Formal Concept Analysis with Python

Project description

Latest PyPI Version License Supported Python Versions Format Downloads

Concepts is a simple Python implementation of Formal Concept Analysis (FCA).

FCA provides a mathematical model for describing a set of objects (e.g. King Arthur, Sir Robin, and the holy grail) with a set of properties (e.g. human, knight, king, and mysterious) which each of the objects either has or not. A table called formal context defines which objects have a given property and vice versa which properties a given object has.

Installation

This package runs under Python 2.7 and 3.3+, use pip to install:

$ pip install concepts

This will also install the bitsets and graphviz packages from PyPI as required dependencies.

Rendering lattice graphs depends on the Graphviz software. Make sure its dot executable is on your systems’ path.

Formal contexts

With Concepts, formal contexts can be created from a string with an ASCII-art style cross-table. The objects and properties will simply be represented by strings. Separate the property columns with pipe symbols (|), create one row for each objects, one column for each property, and indicate the presence of a property with the character X.

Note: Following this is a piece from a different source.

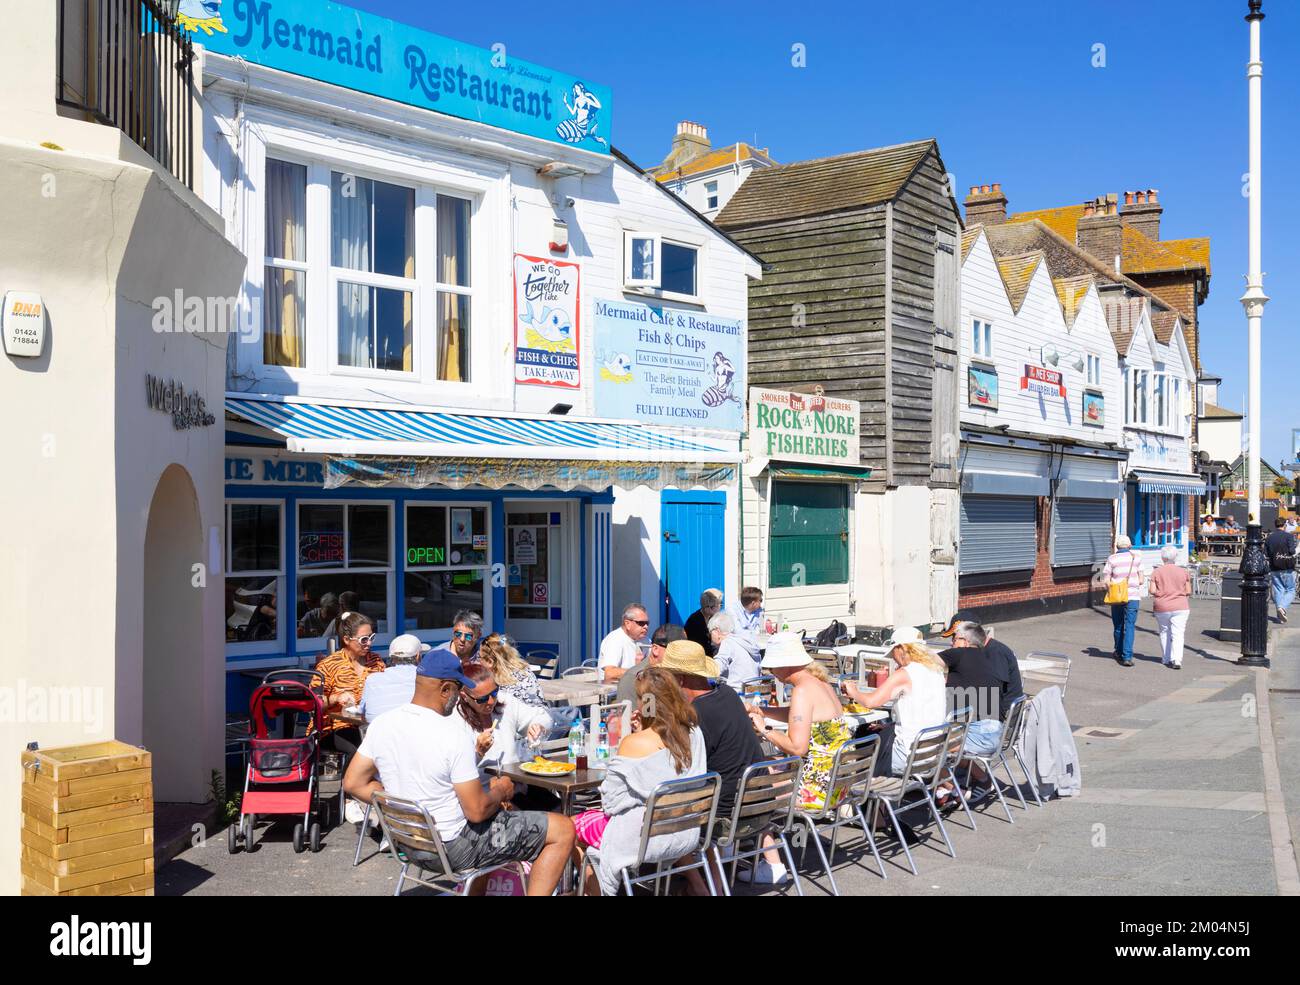 Hastings Old Town People eating fish and chips outside the Mermaid restaurant Hastings old Town Hastings East Sussex England UK GB Europe Stock Photo

Note that the object and property names need to be disjoint to uniquely identify them.

>>> from concepts import Context

>>> c = Context.fromstring('''
...            |human|knight|king |mysterious|
... King Arthur|  X  |  X   |  X  |          |
... Sir Robin  |  X  |  X   |     |          |
... holy grail |     |      |     |     X    |
... ''')

>>> c  # doctest: +ELLIPSIS
<Context object mapping 3 objects to 4 properties at 0x...>

You can also load contexts from files in different plain-text formats, see below.

After creation, the parsed content of the table is available on the context object.

>>> c.objects  # row headings
('King Arthur', 'Sir Robin', 'holy grail')

>>> c.properties  # column headings
('human', 'knight', 'king', 'mysterious')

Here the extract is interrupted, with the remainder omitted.